=== What the exercise asks ===
All of the data is to be written out again exactly, without the pictures.

=== Dataset section ===
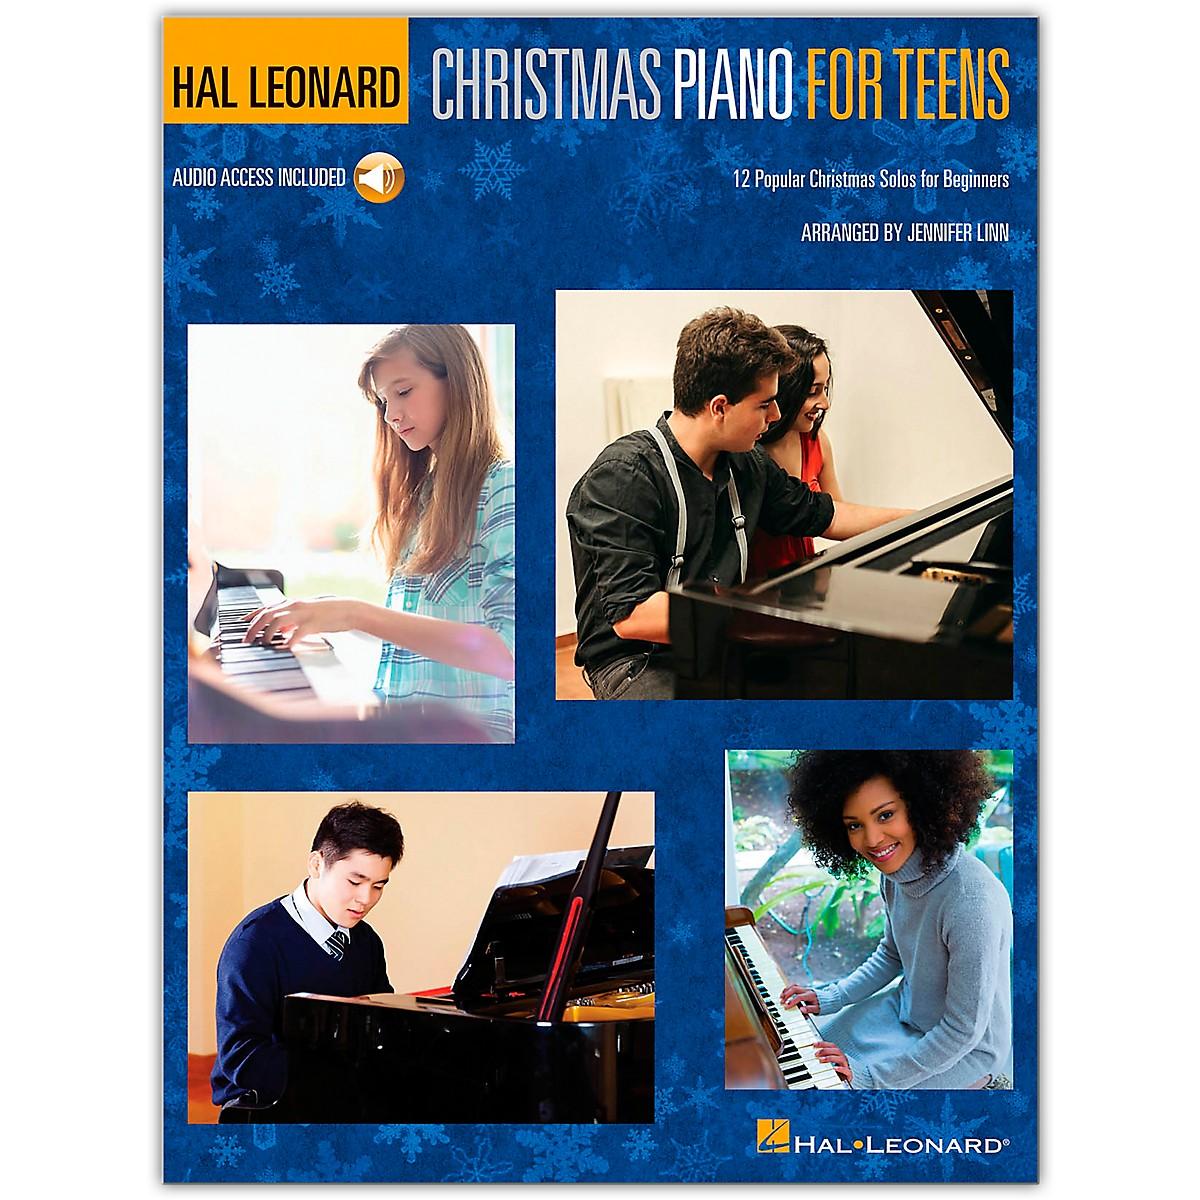 Hal Leonard Hal Leonard Christmas Piano for Teens Piano Method Book/Audio Online
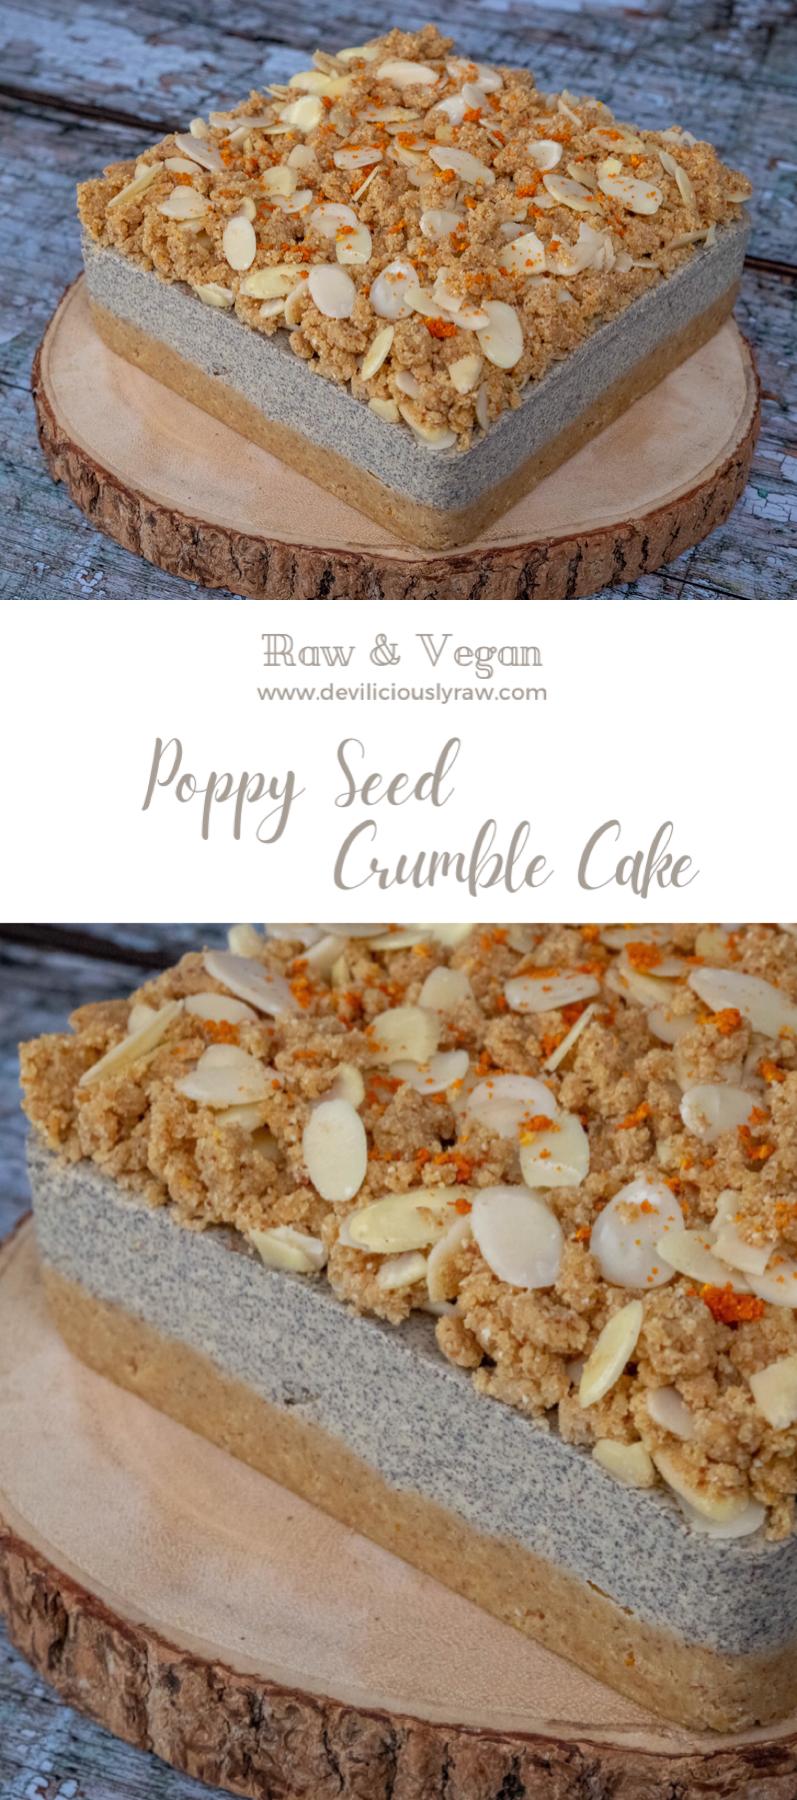 Poppy Seed Crumble Cake
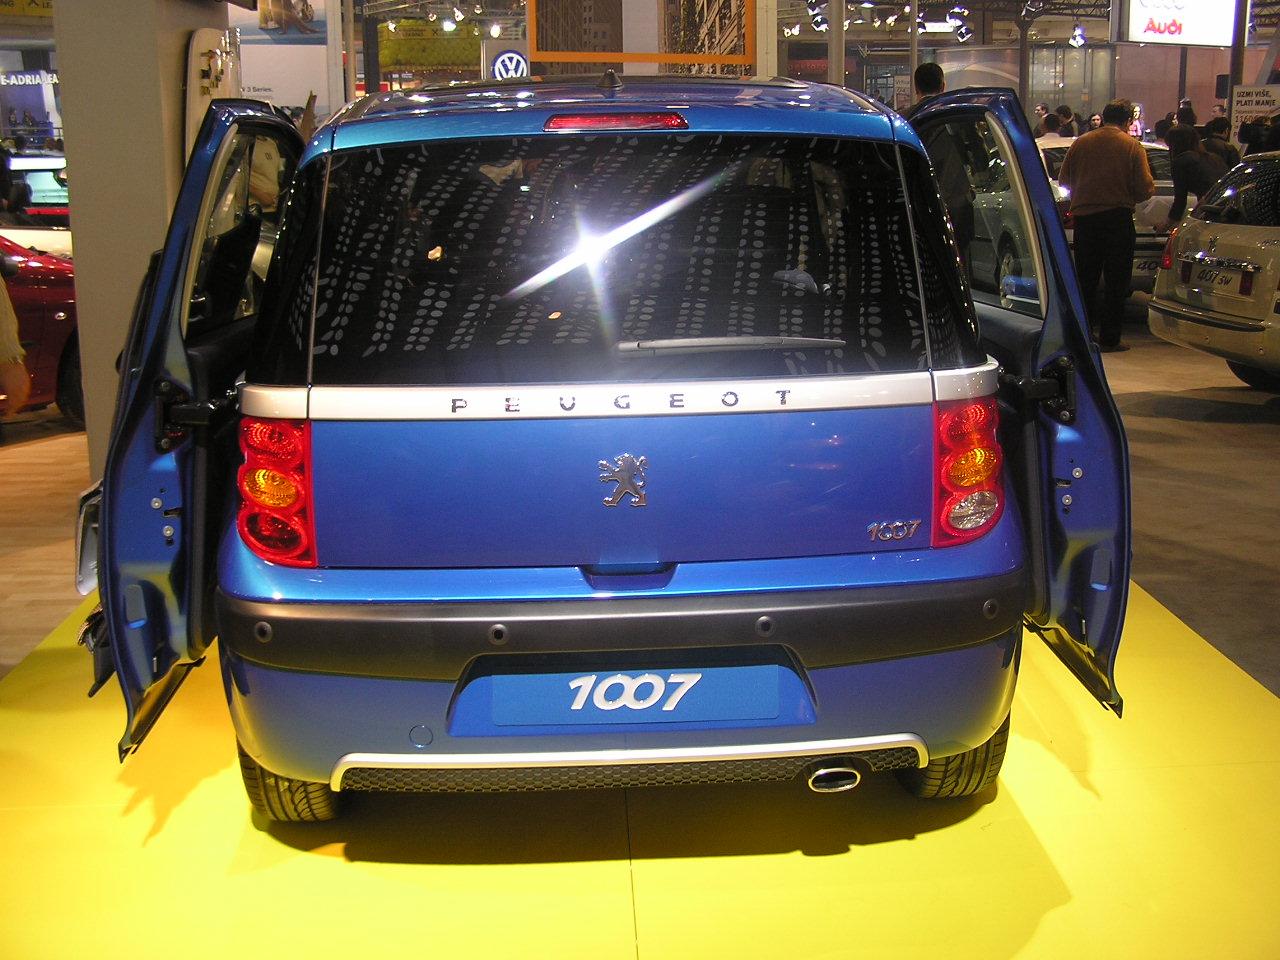 El juego de las imagenes-http://upload.wikimedia.org/wikipedia/commons/f/f1/Peugeot_1007_back.jpeg
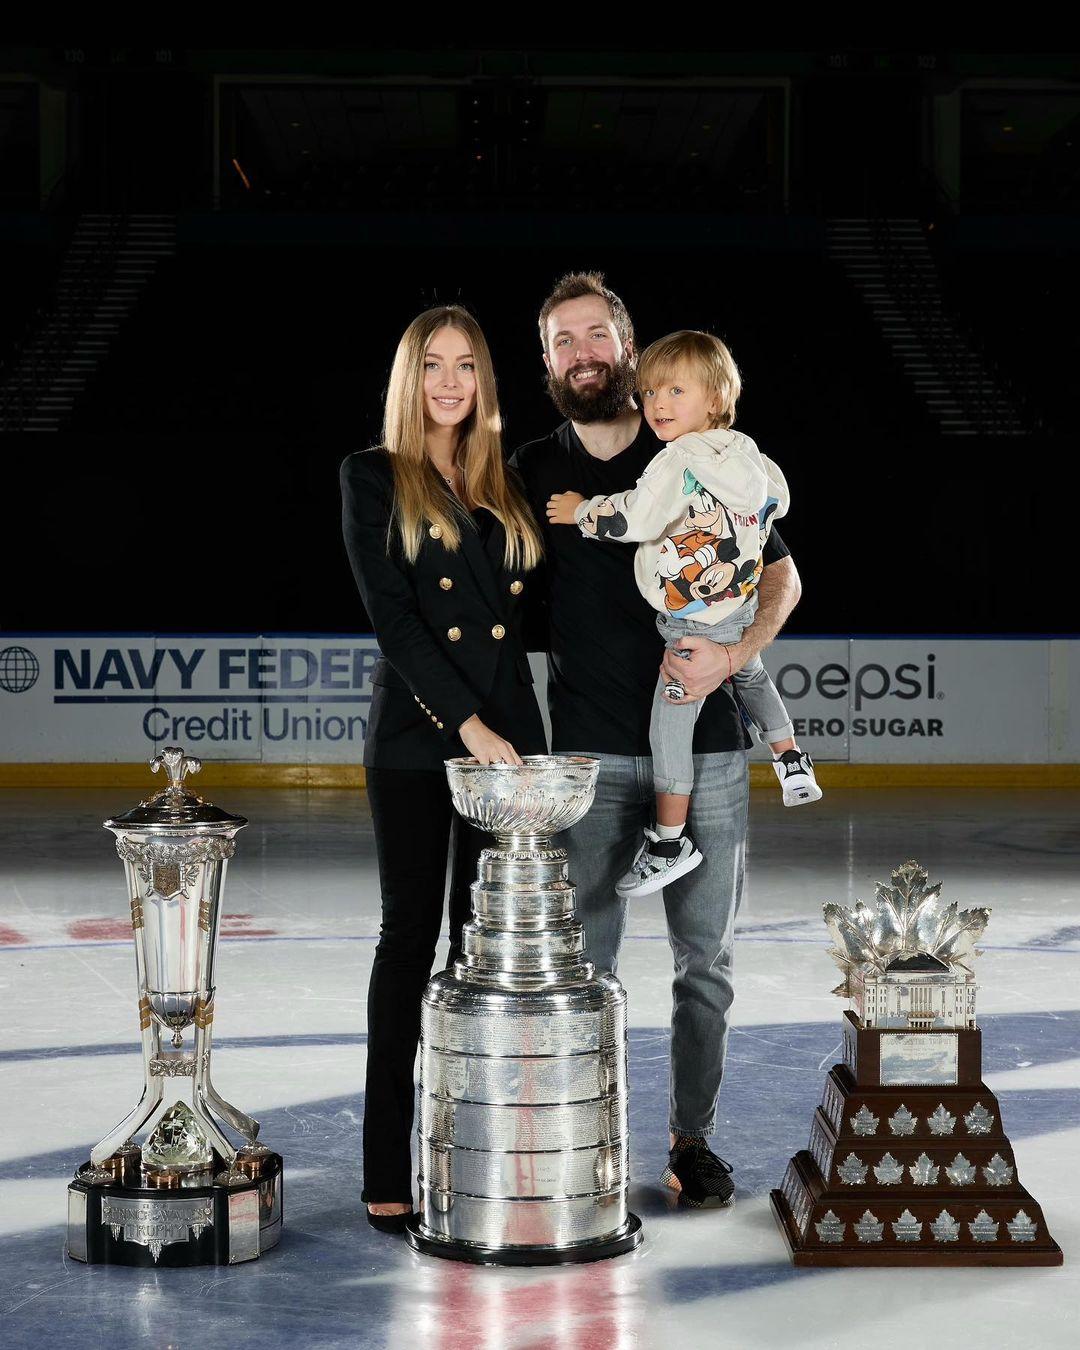 Nikita Kucherov, Anastasia Kucherova And Max Kucherov Photoshoot As A Family (Source: Instagram: nikitakucherov86)

=== Solution to the problem ===
 Hal Leonard Hal Leonard Christmas Piano for Teens Piano Method Book/Audio Online
 Poppy Seed Crumble Cake
 El juego de las imagenes-http://upload.wikimedia.org/wikipedia/commons/f/f1/Peugeot_1007_back.jpeg
 Nikita Kucherov, Anastasia Kucherova And Max Kucherov Photoshoot As A Family (Source: Instagram: nikitakucherov86)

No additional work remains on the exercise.